During the last two decades, a great number of statistical learning algorithms had been developed to tackle this problem. Protein structural classes prediction is a typical pattern recognition problem, which is mainly performed in three steps. The first step is feature extraction, by which the different length sequences are converted into an equal length feature vectors. The methods include amino acid composition (AAC) [58], pseudoamino acid composition (PseAAC) [911], polypeptide composition [12, 13], functional domain composition [14], position-specific iterated-basic local alignment search tool (PSI-BLAST) profile [1517], pseudo-position-specific scoring matrix (PsePSSM) [18, 19], and predicted protein secondary structure [2022]. The second step is feature selection, which includes principal component analysis (PCA) [23], support vector machine-recursive feature elimination (SVM-RFE) [24], and wrapper and filter [25]. The final step is a choice of favorable classification algorithm. At present, the algorithms contain neural network [26], support vector machine (SVM) [27, 28], fuzzy clustering [29], Bayesian classification [30], rough sets [31], k-nearest neighbor [11], and so on. Among the three steps, feature extraction is the most critical step in this study for the successful improvement of protein structural classes prediction.

Currently, feature extraction methods mainly use protein primary sequence, predicted secondary structure sequence, and position-specific scoring matrix (PSSM). Position-specific scoring matrix can be obtained by giving a query sequence, which can be searched against a database of proteins using PSI-BLAST [32] and represents the evolutionary information. Recently, PSSM has attracted more attention and its prediction accuracy has been increasingly improved. AADP-PSSM [15] method extends the traditional dipeptide composition to PSSM. AAC-PSSM-AC [17] combines autocovariance and PSSM to extract the evolutionary information. AATP model [33] fuses AAC and transition probability composition from PSSM. In PSSS-PSSM [34], the predicted secondary structure information is employed to perform the prediction with evolutionary information. In MEDP [35], evolutionary difference formula is proposed based on PSSM. LCC-PSSM [25] extracts the long-range and linear correlation information from PSSM. PSSM-S [36] extracts the features relying on PSSM and proposes segmentation-based feature extraction technique based on the concepts of amino acids' distribution and autocovariance. The feature extraction methods relying on the position-specific scoring matrix (PSSM) have played a significant role to solve this classification issue. Though some of the existing methods have shown the excellent performance, the information embedded in the PSSM has not been adequately explored; there remains space for further improvement.
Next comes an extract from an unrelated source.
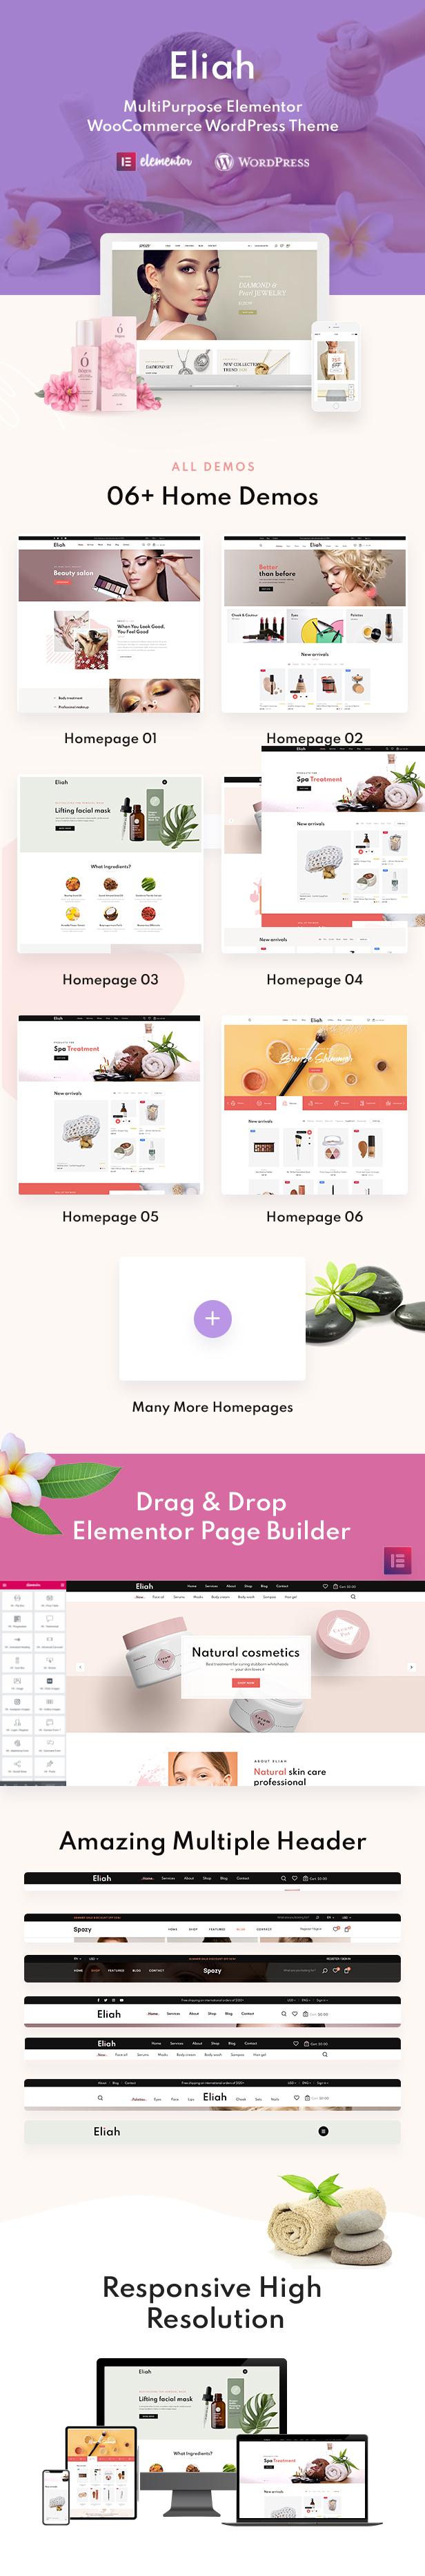 Eliah - WooCommerce WordPress Theme - 1

In this paper, we extract a consensus sequence based on PSSM, from which 40 global features are calculated. Then we propose two segmented feature extraction techniques based on the concepts of pseudo-position-specific scoring matrix (PsePSSM) and autocovariance transformation (ACT), which are defined on the PSSM, respectively. PsePSSM is originally proposed to avoid complete loss of the sequence-order information by Shen and Chou [18]. In other words, it reflects local information of PSSM. Autocovariance transformation as a statistical tool for analyzing sequences of vectors developed by Wold et al. [37]. ACT has been successfully used for protein pattern recognition [17, 38, 39], especially for protein classification, which is a correlation factor between two residues with a certain distance apart along a protein sequence. Hence, we obtain 380 segmented PsePSSM local features and 280 segmented ACT-PSSM local features. Finally, with the help of the three techniques, a 700D feature vector is constructed. In order to reduce the influence of redundancy, we use the principle component analysis (PCA) for feature selection. The 224 dominant features are selected for SVM classifier. To evaluate our method, jackknife cross-validation test is employed on three widely benchmark datasets; the experimental results show that our method is a state-of-the-art classifier and achieves the competitive performance compared with the other PSSM-based methods for low-similarity amino acid sequences.

2. Materials and Methods

2.1. Datasets

In order to facilitate the comparison with the previous works, three popular benchmark datasets are used to evaluate the performance of our method: the 1189 dataset [30], the 25PDB dataset [43], and the 640 dataset [44], which include 1092, 1673, and 640 protein domains with sequence similarity lower than 40%, 25%, and 25%, respectively. More details about the three datasets are listed in Table 1.

Table 1.

The compositions of three datasets adopted in this paper.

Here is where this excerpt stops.